Она спряталась в комнате и, пока не заснула, строила планы: то мысленно мчалась по горам навстречу дяде, чтобы он прислал отважных воинов, которые в последний момент спасут приговоренных, то сама с пистолетом в руке всходила на помост, чтобы освободить возлюбленного. Но, конечно, ничего она не придумала.
Дороти заснула лишь под утро и неожиданно для себя проспала все на свете. Госпоже, поднявшейся раньше, пришлось идти к двери горничной, стучать и требовать, чтобы та встала наконец и помогла Регине совершить туалет – начинался большой день. День казни. День решений. День победы Регины над правдой. Правда не именовалась правдой в ее устах, для нее было другое слово: предательство.
– А когда… когда это будет? – спросила Дороти, причесывая госпожу.
– К закату полковник обещал со всем управиться, – радостно сказала птица. И Дороти поняла, что это такое – необратимое желание задушить человека.
Как? Что сделать, чтобы спасти Алекса? Ведь даже если дядя прибудет сюда через неделю или через три дня, все равно будет поздно. Не исключено, что после смерти офицеров с «Глории» полковник выполнит свою угрозу и Дороти последует за Алексом.
– Тебе его жалко? – спросила Регина. Теперь Дороти была убеждена, что госпожа нарочно дразнит ее, ибо ей доставляют радость страдания Дороти.
– Да, мне его очень жалко, – сказала Дороти. – Я отдала бы все мои драгоценности, чтобы спасти их…
– У тебя есть драгоценности? Откуда? Ты же нищенка! – Регина насторожилась. Зря ты, Дороти, так легкомысленно заговорила с хозяйкой. Она же насторожена, как птица.
– У меня их немного…
– Вранье! Ты была голой на корабле. А потом у тебя появилось серебряное зеркало, я видела его…

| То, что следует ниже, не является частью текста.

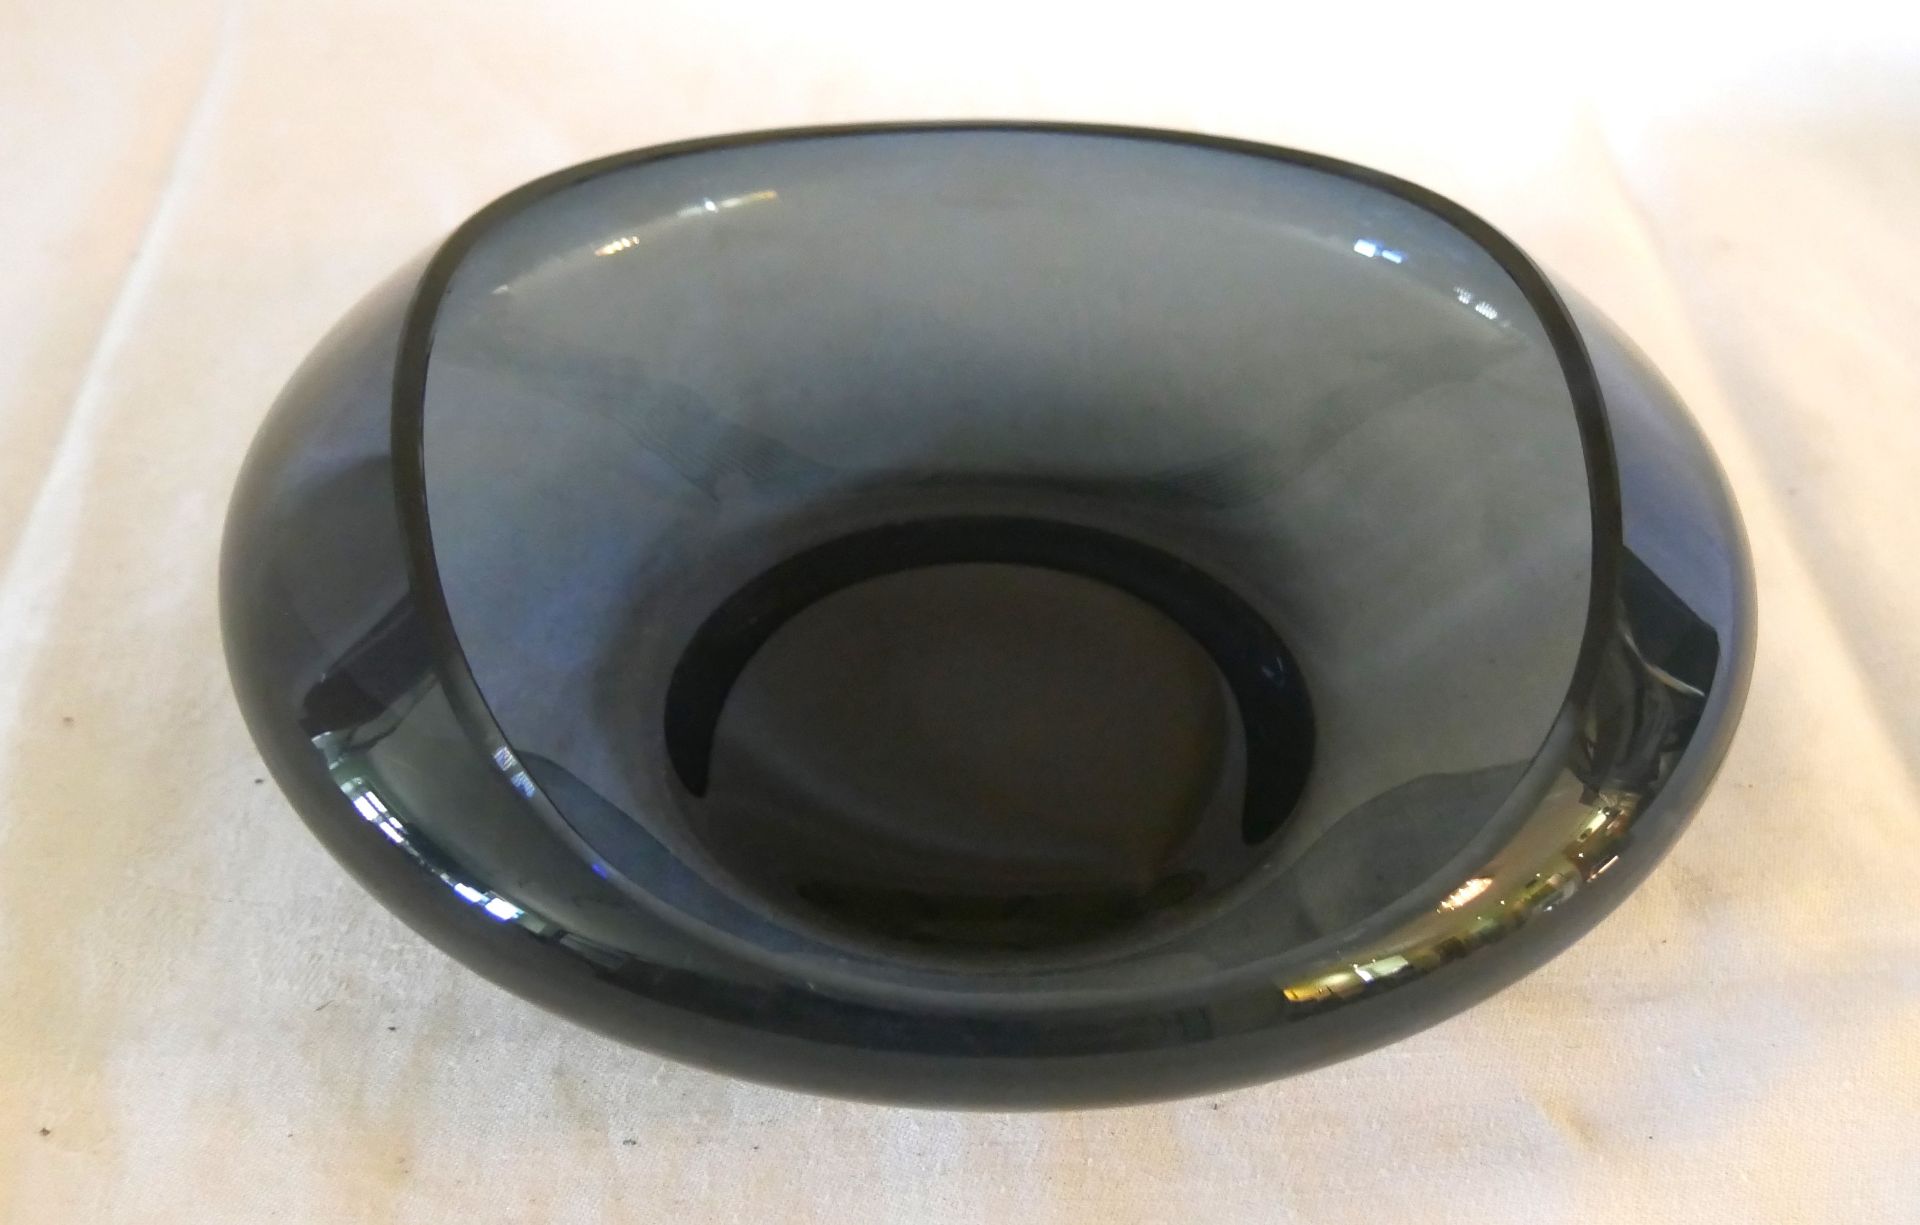 schöne runde Murano Glasschale in blauschwarz. Durchmesser ca. 22 cm, Höhe ca. 8 cm. Bitte

– Это не зеркало… оно не отражает.
– Знаю, – ответила Регина. – Иначе бы я его у тебя отобрала. Тебе не положено иметь такое зеркало. Но я тебе должна сказать, что, когда полковник отрубит тебе голову, мне все равно достанутся и твое зеркало, и твои рубины, которые ты так неосторожно зашила в дно своей шанской сумки.
И Регина счастливо засмеялась.
– Кстати, – сказала она, насладившись растерянностью Дороти, – там уже нет никаких рубинов, потому что тебе не положено иметь рубины!
Регина поднялась, отобрала гребень у обомлевшей Дороти и сказала, отступая в угол комнаты:
– А теперь уходи отсюда. И предупреждаю, что у меня есть пистолет.
– Куда уходить?
– На улицу! Иди полюбуйся, как будут вешать твоих дружков. – Хозяйка была нарочито груба, она хотела вывести Дороти из себя.
«Не поддавайся, она нарочно, – уговаривала себя Дороти, – она хочет, чтобы я сорвалась…»
– Уходи! – визгливо повторила Регина.